Jackie Kennedy once said if you bungle raising your kids, nothing else you do really matters, so perhaps it's no surprise that a book about a Chinese-American mother's no-nonsense approach to parenting has become a best-seller and the topic of heated debate.

Consider this, Asians make up less than 5 percent of the U.S. population, but they account for nearly 13 percent of the students at Harvard and 34 percent at the University of California at Berkeley.

We have two perspectives on this debate.

"Tiger Mother" Author Defends Harsh Parenting



BEIJING - Here, the Chinese mother doesn't fit the American stereotype, CBS News Correspondent Celia Hatton reports.

(Scroll down to watch two videos on this report)

Wang Li and her daughter are inseparable whether sharing the ice on skates or their love for music on a piano bench.

Like most in China, Wang isn't familiar with Amy Chua's book, "Battle Hymn of the Tiger Mother", but this Chinese mother is sure she doesn't fit Chua's ethnic typecast of a tough-as-nails disciplinarian.

"As a parent, you are your child's closest friend," she said through a translator. "You are supposed to give her as much attention as you can instead of verbally hurting her."

Chua's book talks about "Chinese mothers", but in a country of more than 1.3 billion people, it's tough to make any generalizations about how parents raise their children.

Most Chinese families are only allowed one child under the country's strict family-planning rules.
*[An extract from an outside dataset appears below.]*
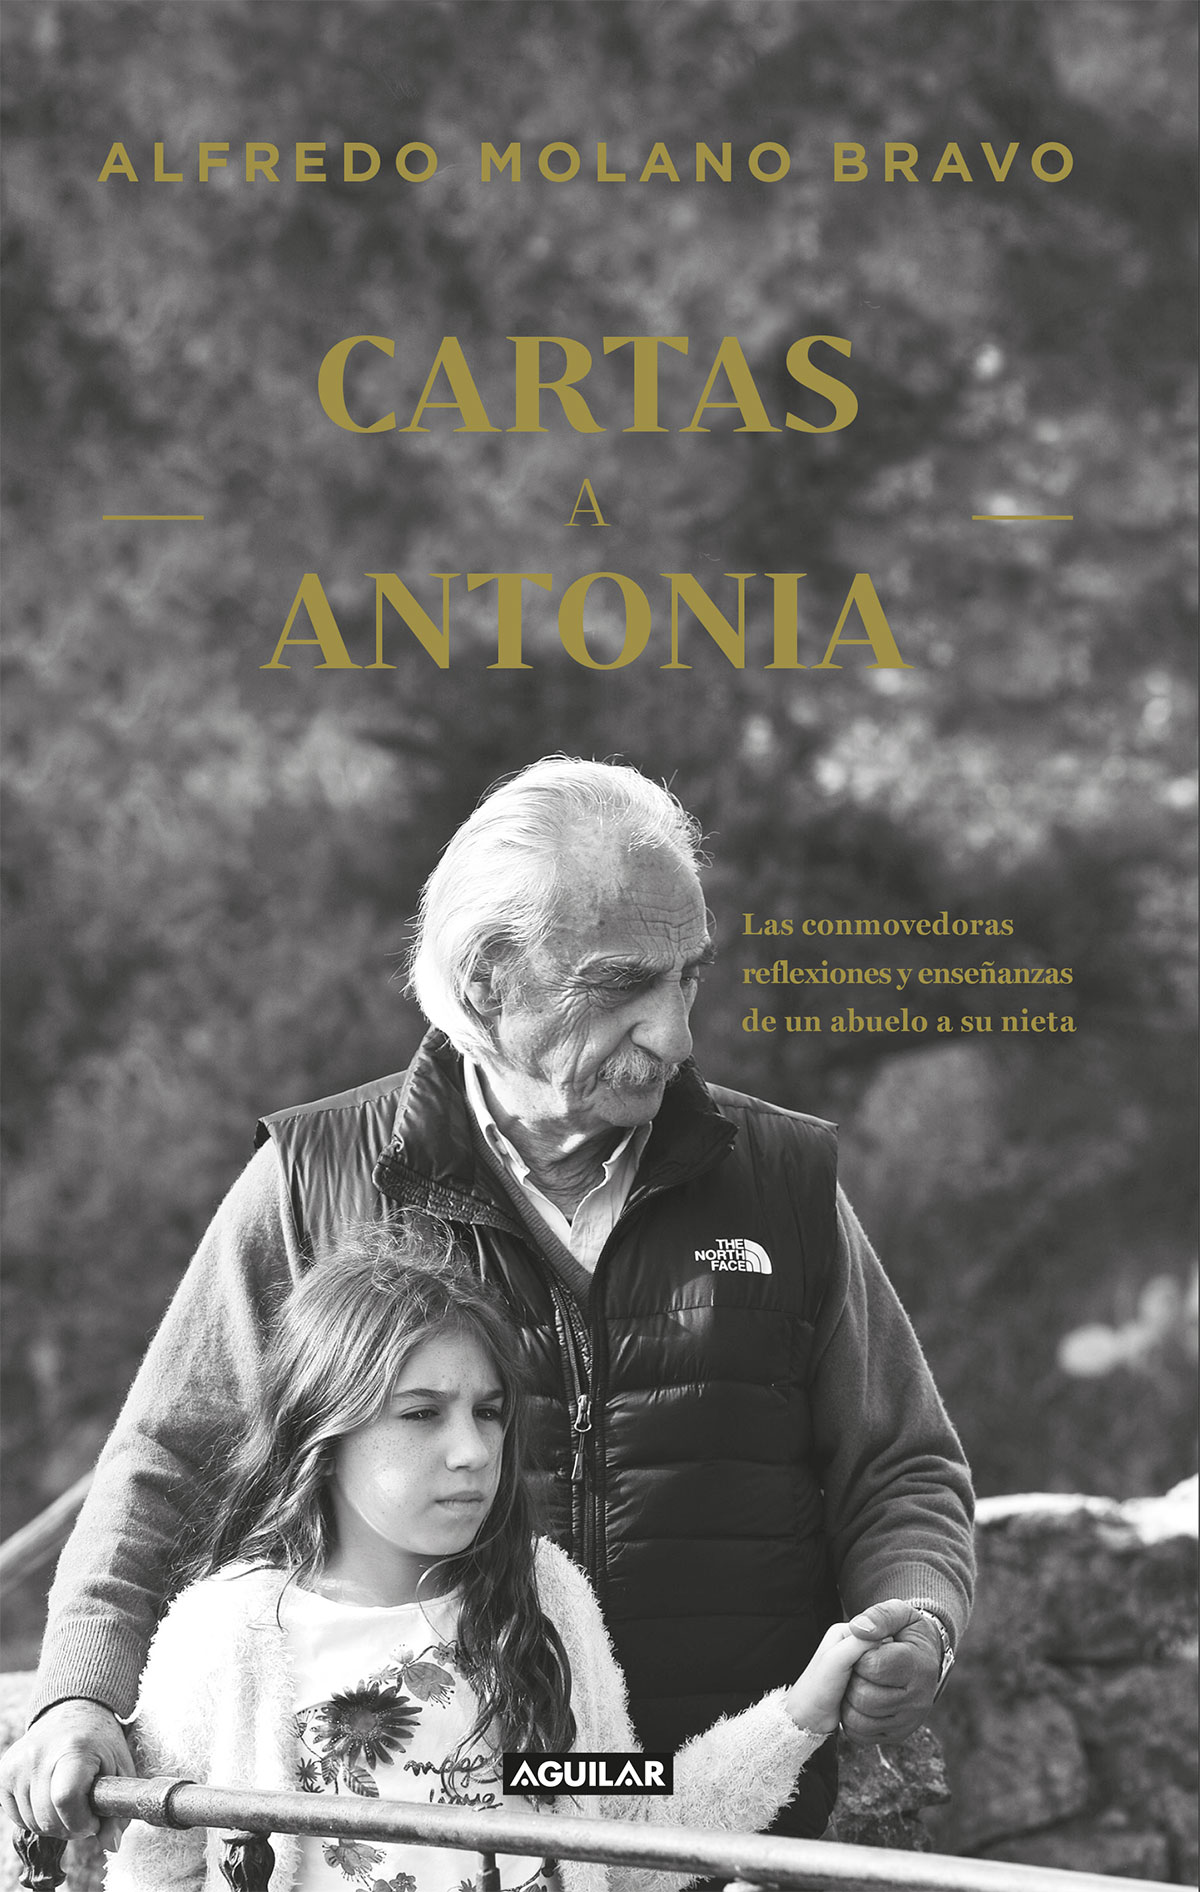 Cartas a Antonia Las conmovedoras reflexiones y enseñanzas de un abuelo a su nieta - image 1

The chance to be a parent just once -- and the pressure to get it right -- has led China to have its own fierce disputes over child-raising.

Spoiled only-children and lax parenting are a national obsession linked to a host of issues from Internet addictions to soaring child obesity.

On the flip side, some pressure their children to succeed academically at any cost since just a fraction of the country's children will land a spot in a top college.

Still, many moms and dads are now questioning Chinese schools' use of rote learning and memorization. They're encouraging kids to discover their own passions.

"I won't force my son to do what I want him to do," Wang Hui, a stay-at-home mom, said through a translator. "I hope he'll be grown up enough to make his own decisions."

As China's astrological Year of the Tiger draws to a close, many here hope the myth of China's fierce tiger mothers will too.